** STUDY MATERIAL **
--

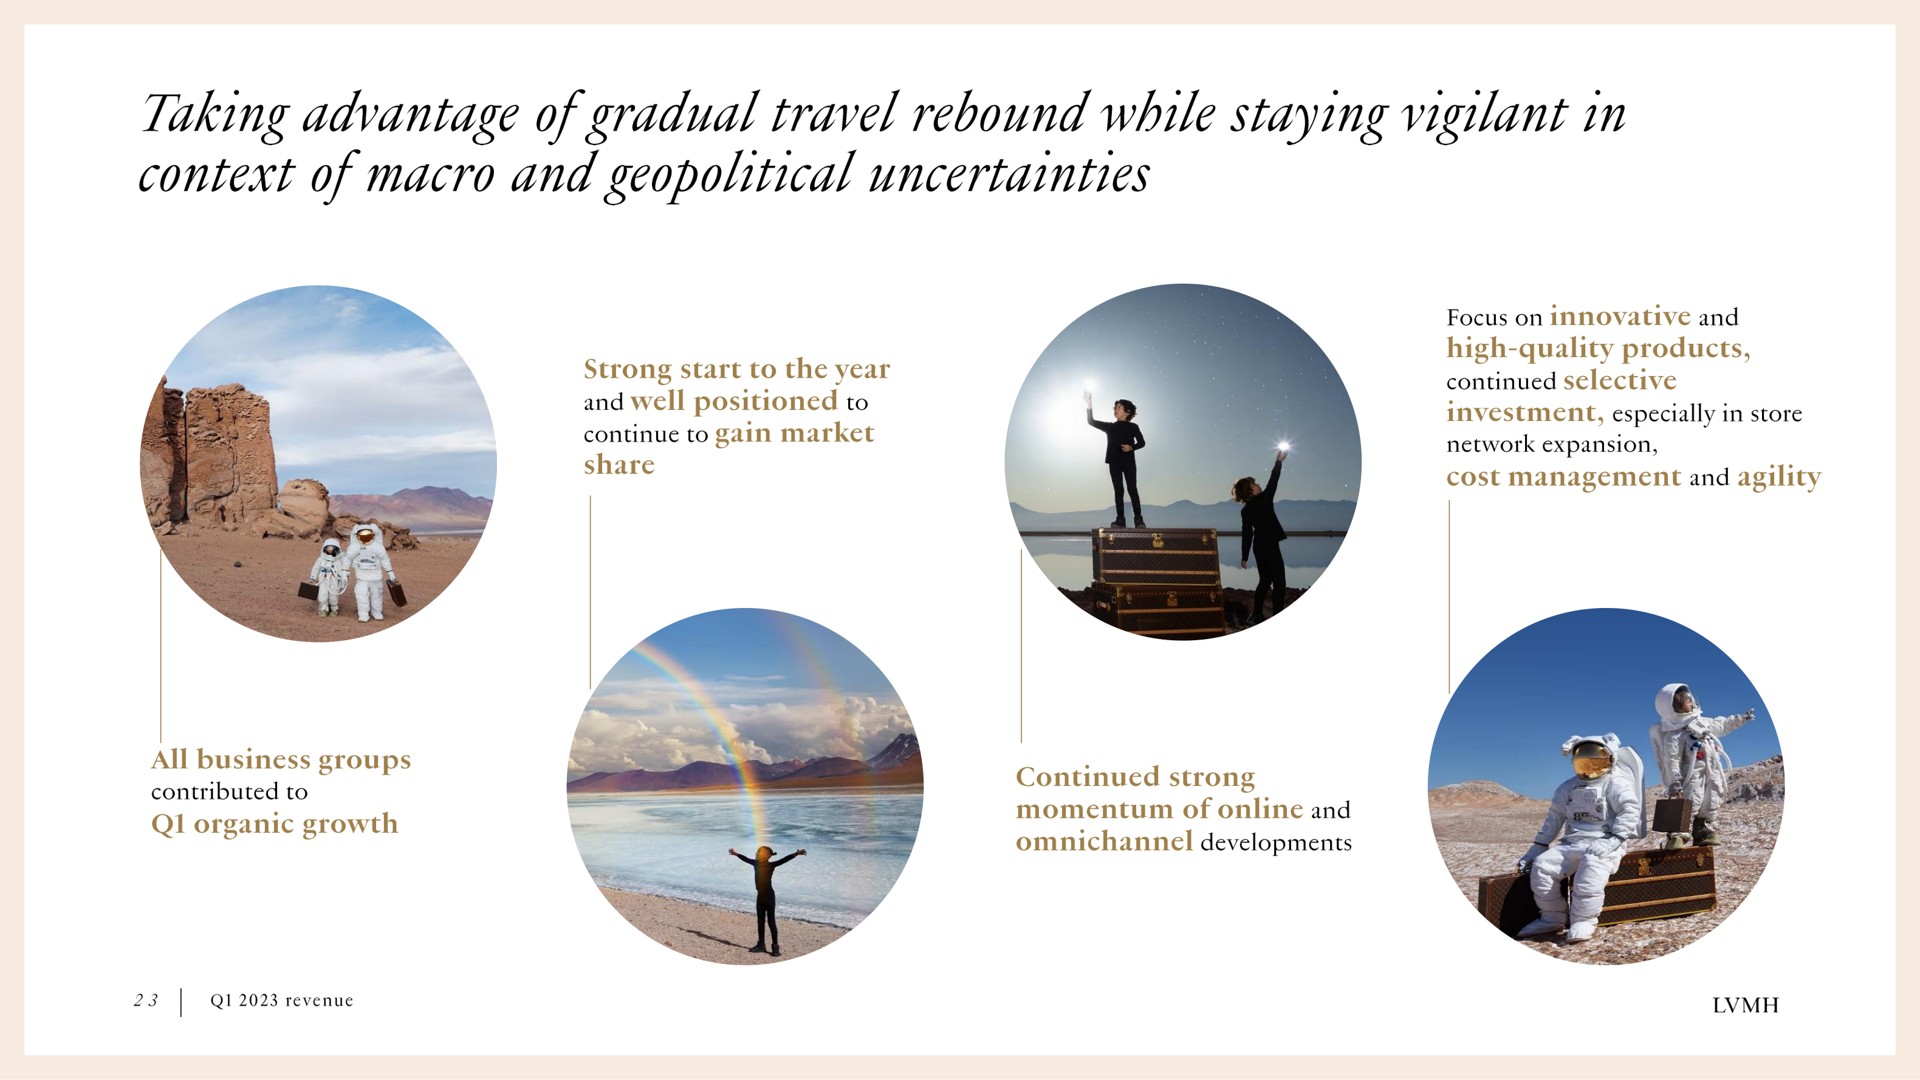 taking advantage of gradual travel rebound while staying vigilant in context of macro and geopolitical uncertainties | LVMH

--

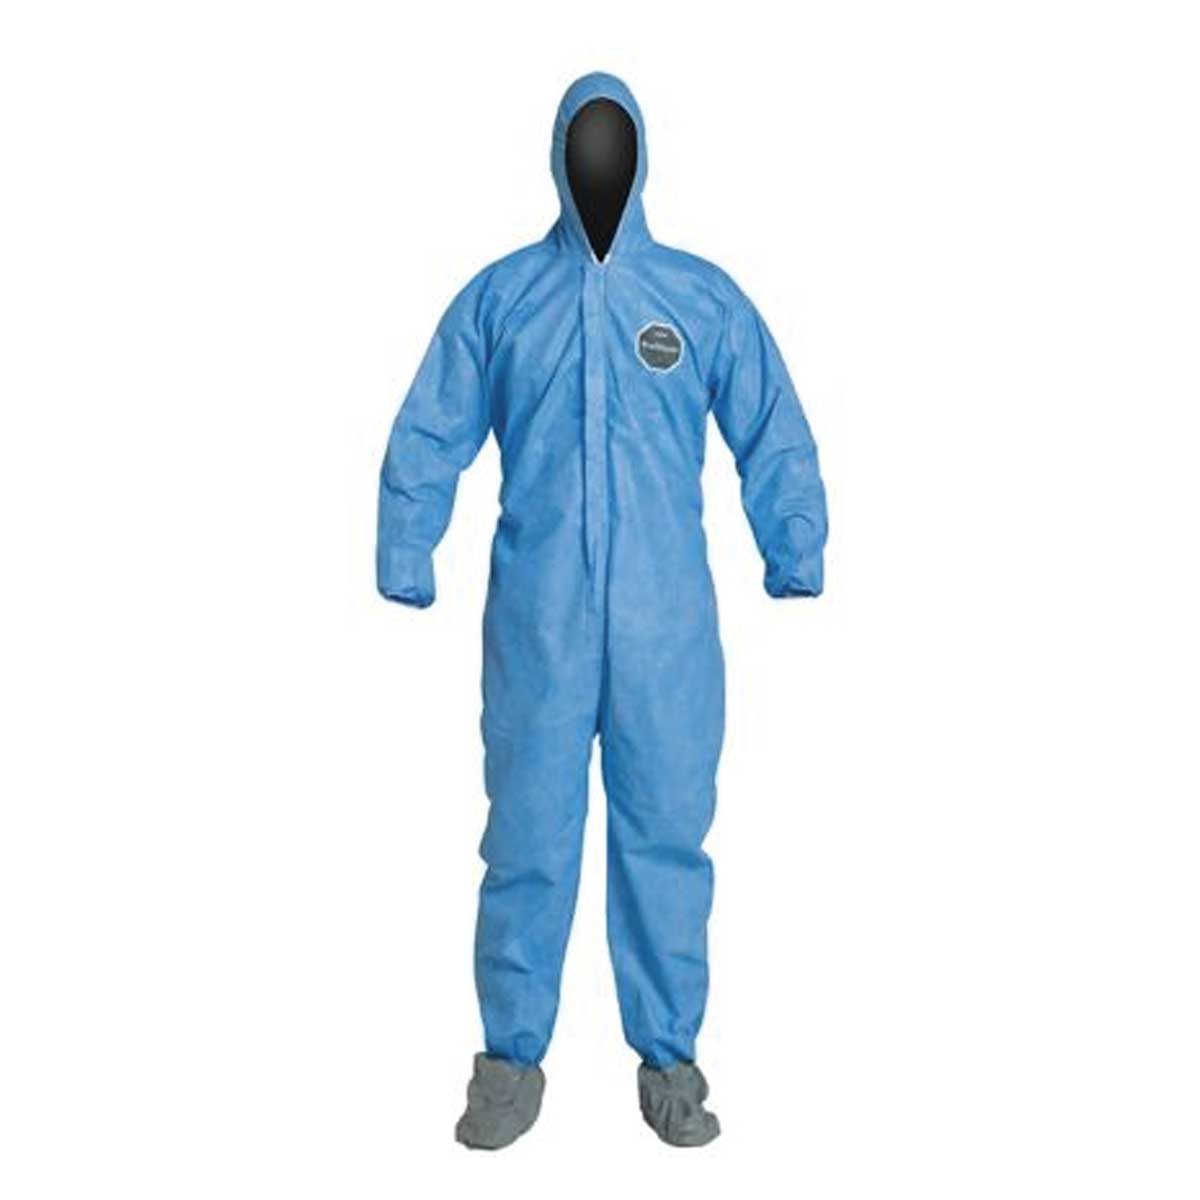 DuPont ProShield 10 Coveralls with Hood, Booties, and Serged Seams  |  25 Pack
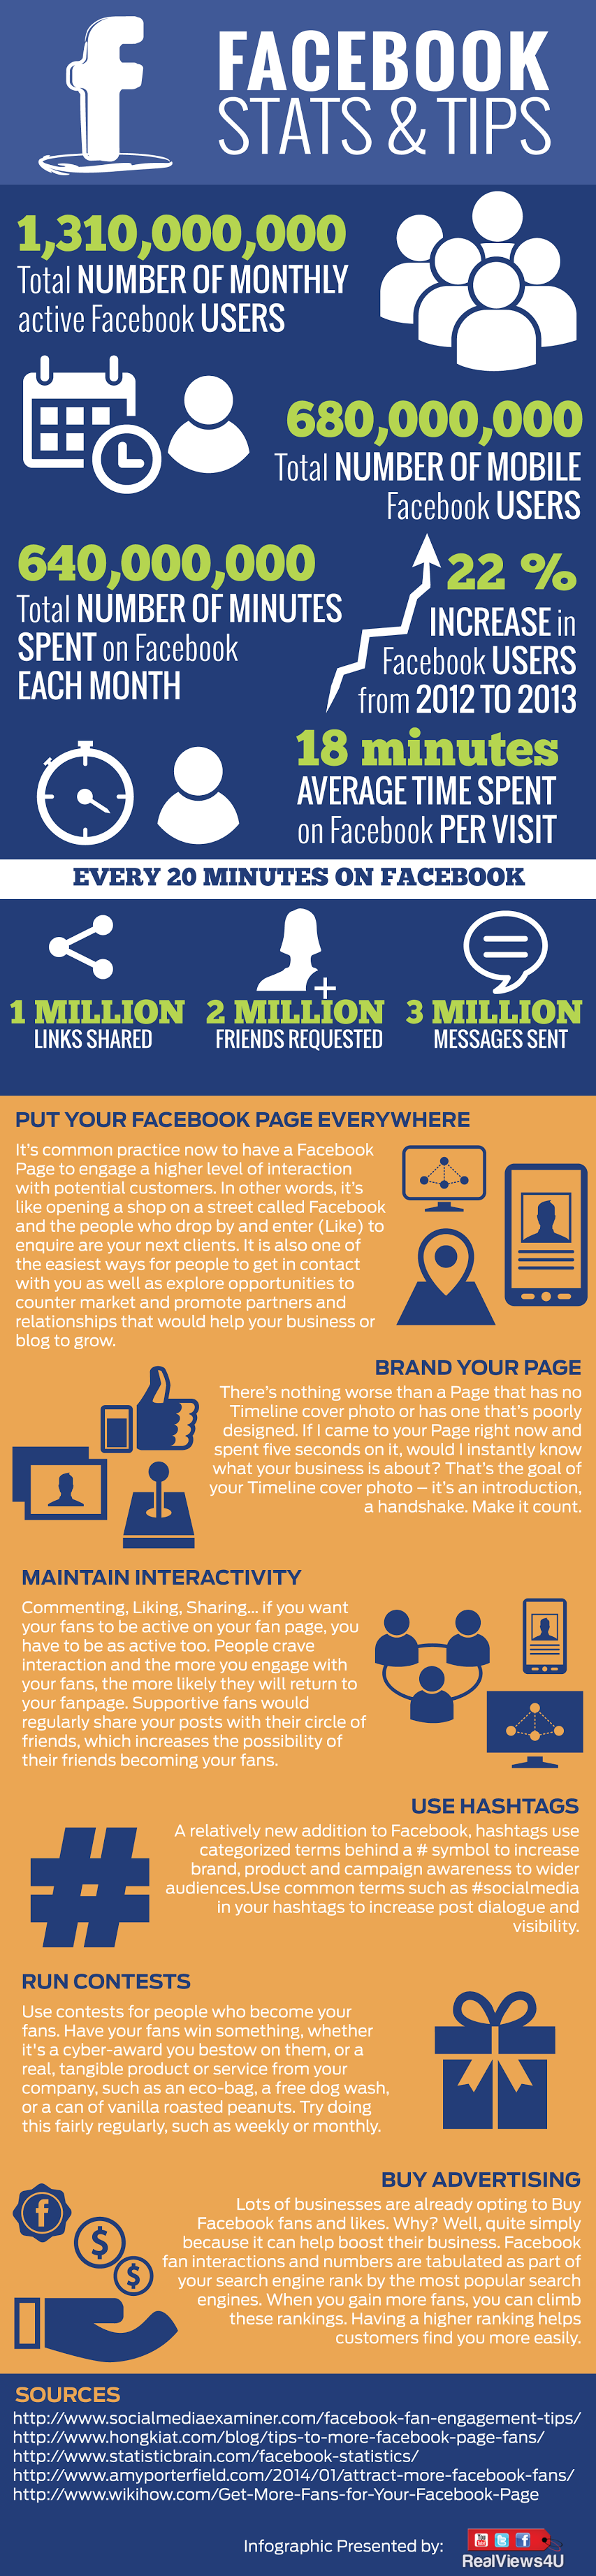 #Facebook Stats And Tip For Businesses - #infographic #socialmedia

--

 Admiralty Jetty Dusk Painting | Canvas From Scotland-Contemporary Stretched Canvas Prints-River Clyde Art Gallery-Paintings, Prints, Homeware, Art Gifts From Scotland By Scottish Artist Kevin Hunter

--

** PROMPT **
Above are the records. Copy word for word only their lines from the one holding "DuPont ProShield 10" through the one holding "#Facebook Stats And", both included, and skip the images.

** EXPECTED OUTPUT **
 DuPont ProShield 10 Coveralls with Hood, Booties, and Serged Seams  |  25 Pack
 #Facebook Stats And Tip For Businesses - #infographic #socialmedia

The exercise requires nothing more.